Заметив, что Филдс с интересом за ним наблюдает, он крикнул:
– Видите, когда надо, я могу командовать и на суше…
Он дружелюбно похлопал американца по плечу и ушел, чтобы напутствовать в дорогу высокого белокурого легионера, с которым, как видно, подружился. (Кроме своего подопечного де Вриса, Хабиб в ходе операции потерял еще двоих: одного сдернул со скалы и раздавил слон, другой погиб от шальной пули во время беспорядочной стрельбы в самом начале.) Филдс опустился на песок, чтобы передохнуть. Бока у него болели все больше и больше, и он уже стал сомневаться, сможет ли сопровождать Мореля. В озере, на тушах мертвых животных, сидели грифы, которые порой поднимали головы, озирались, а потом снова принимались за угощение. Филдс не знал, что ненавидит сильнее: их круглые спины или манеру поднимать голову и озираться вокруг. Погибшие слоны образовали по всему озеру кладбищенские холмы, и на каждом из них сидел серый, горбатый дозорный. Из воды доносились крики и смех, – это деревенские женщины и дети резали мясо и кидали куски в корзины, привязанные за спинами; каждый раз, когда они приближались к туше, грифы неохотно отодвигались в сторону, до последней секунды не уступая своей добычи, потом грузно поднимались в воздух, чтобы сразу же приземлиться на ближайшем бугре. Несколько слонов уже вернулось к воде, воздух дрожал от отдаленного рева; Филдс пытался различить среди гомона крики раненых животных.
В лучах заходящего солнца проплыла за тростниками целая флотилия рогов, похожих на мачты парусников; это возвращались к водопою антилопы. Далеко на западе пронизанное солнцем облако пыли оповещало о подходе новых стад…

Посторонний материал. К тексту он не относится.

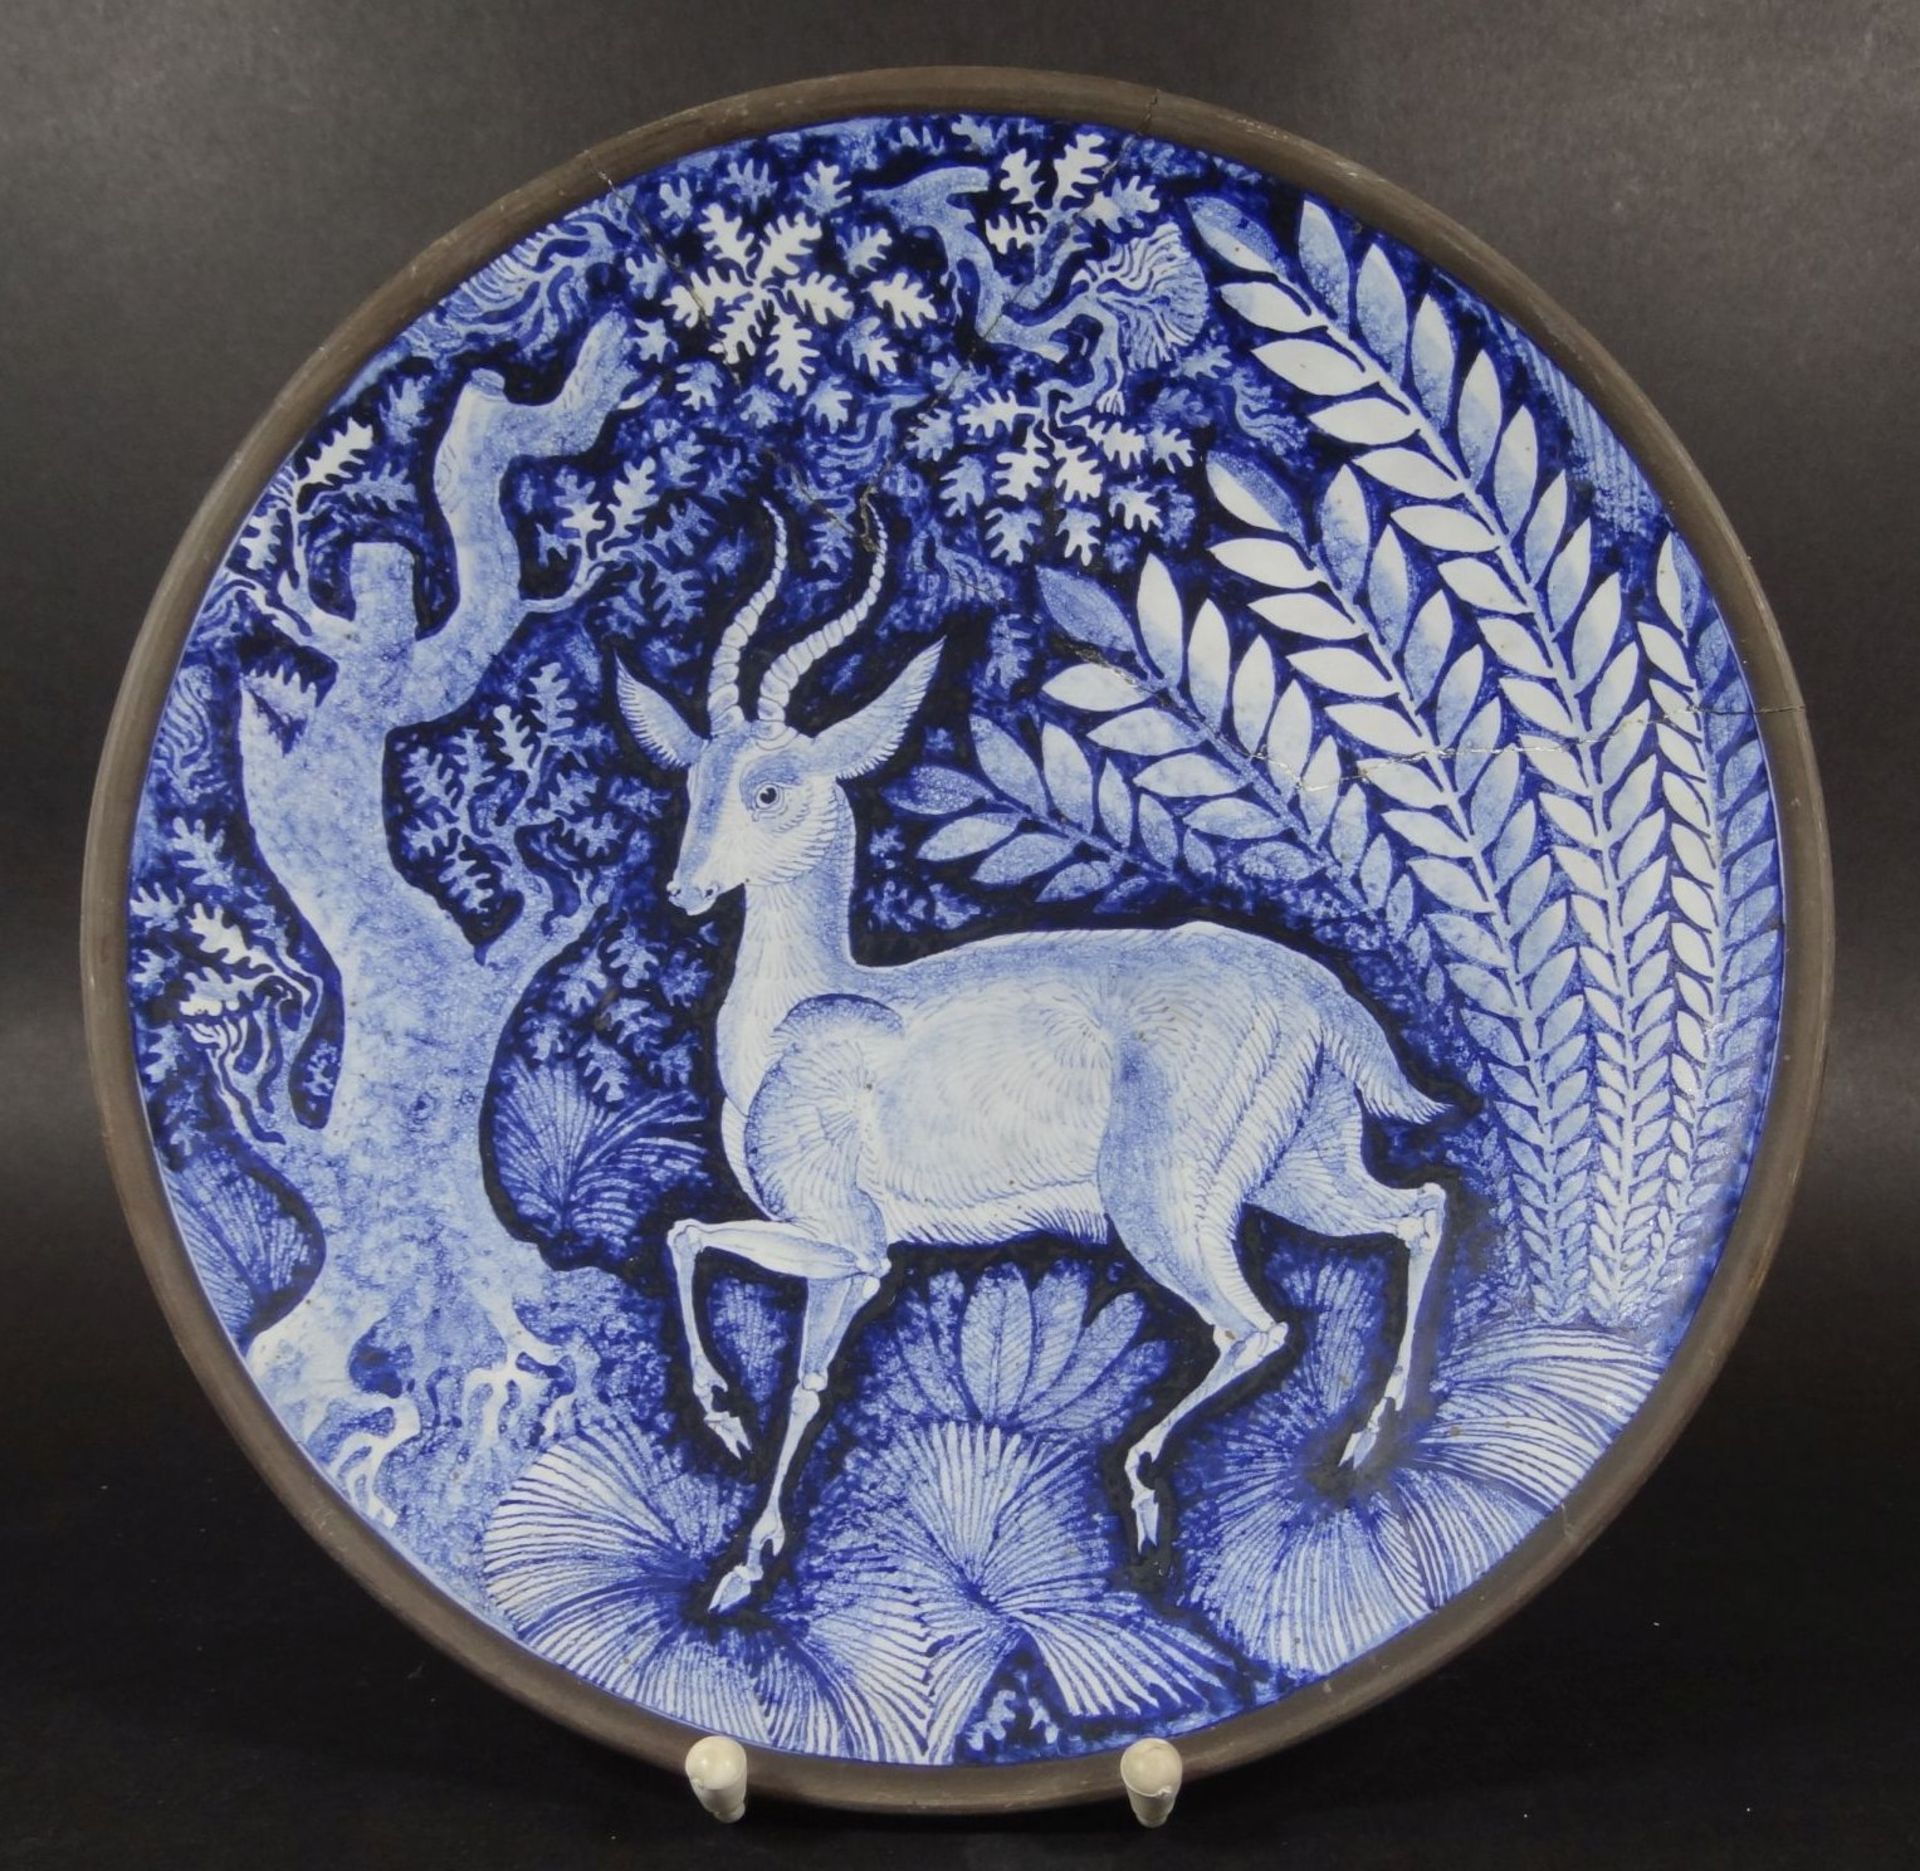 Siegfried MÖLLER (1896-1970), Keramikschale bemalt mit Antilope, verso signiert,Schale geklebt, H-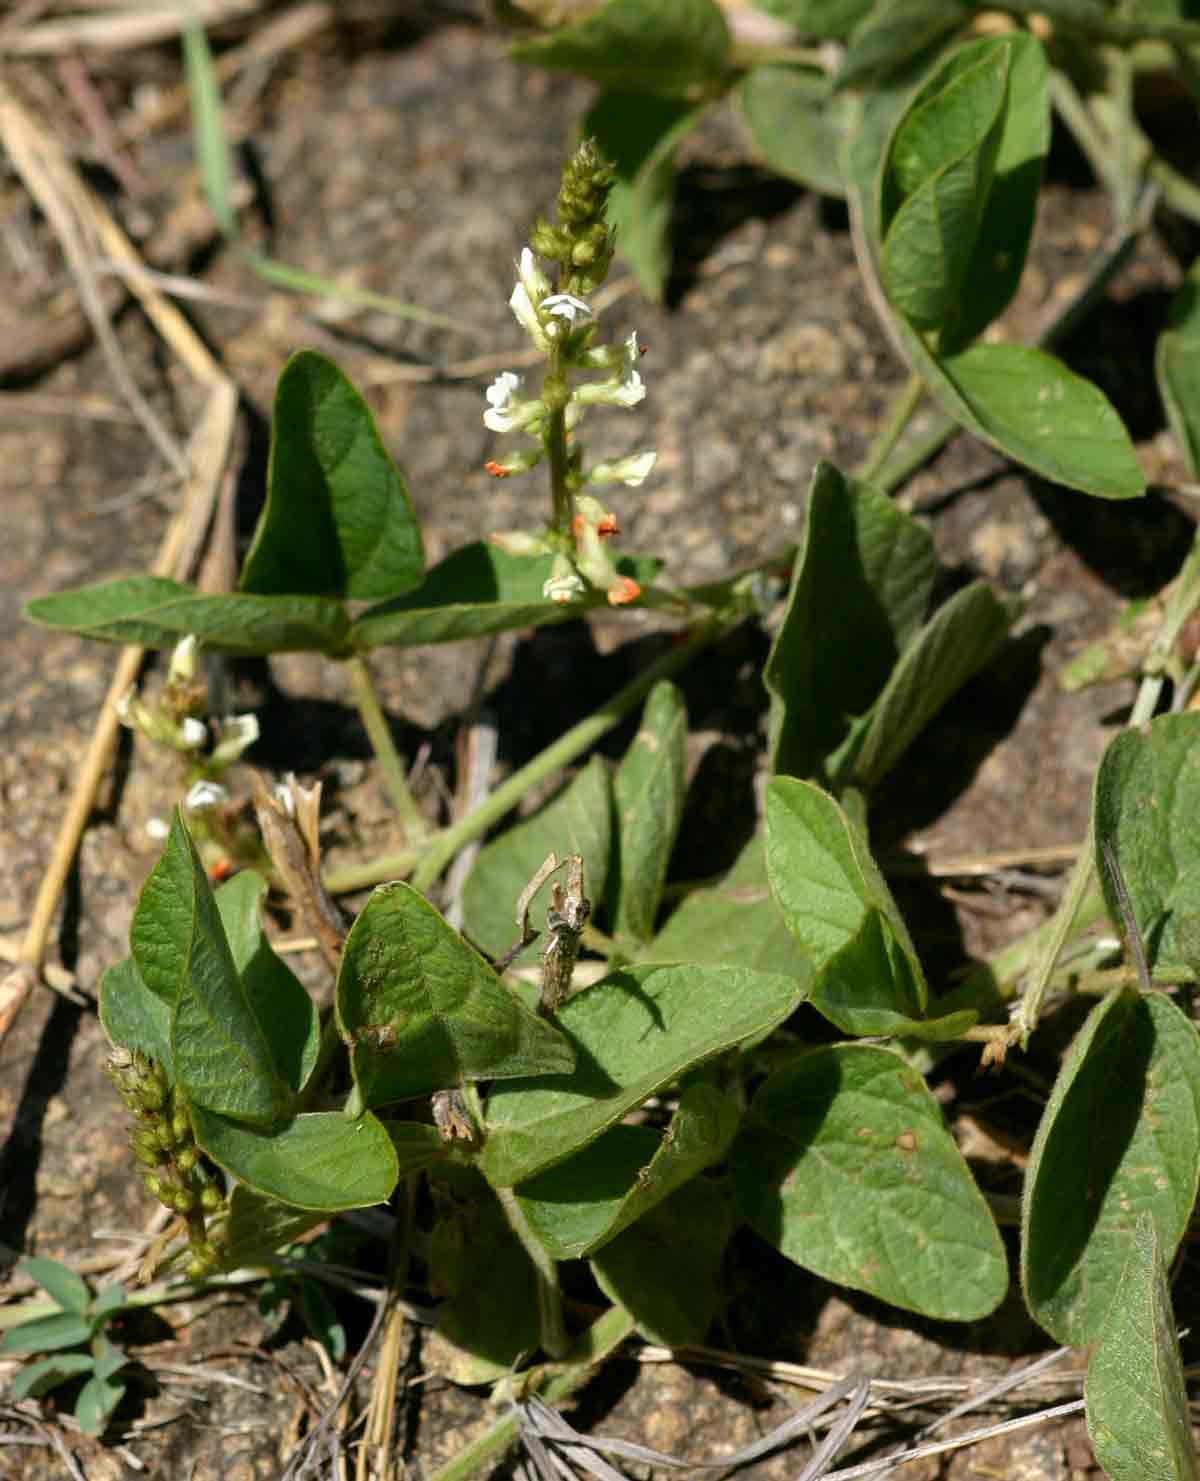 Neonotonia wightii subsp. wightii var. longicauda

На рассвете первого дня Филдс видел, как плотная масса буйволов воздвигла лес острых рогов там, где накануне не было ничего кроме птиц. (Потом, когда журналист рассказывал о буйволах на Куру в Форт-Лами, там хором запротестовали: на Куру буйволов никогда не видели. Однако Филдс стоял на своем и в подтверждение предъявил снимки.) Около четырех часов дня Вайтари собрался покинуть озеро и передал Филдсу, что желает с ним поговорить. Фотограф заметил его издали – над болотом, где сидели птицы, на вершине отмели, на фоне грозового неба, в том самом месте, где у него состоялся первый разговор с Пером Квистом; рядом с Вайтари стояли трое молодых негров, за все время пребывания на озере не сказавшие журналисту ни единого слова. Вайтари в своем небесно-голубом кепи с черными звездами, военной форме, с портупеей и револьвером на боку, окруженный адъютантами, произвел на Эйба Филдса впечатление чего-то знакомого, уже когда-то виденного. То был один из заезженнейших штампов человечества. Тем не менее репортер из вежливости сделал снимок. (Филдс любил говорить, что самой большой трагедией Цезаря был не удар Брута, а отсутствие фотографа. Он пытался поправить дело при помощи скульпторов, но это совсем не одно и то же, и что-то главное в карьере Цезаря было преждевременно утрачено.) Трое молодых негров враждебно застыли, но Вайтари протянул Филдсу руку.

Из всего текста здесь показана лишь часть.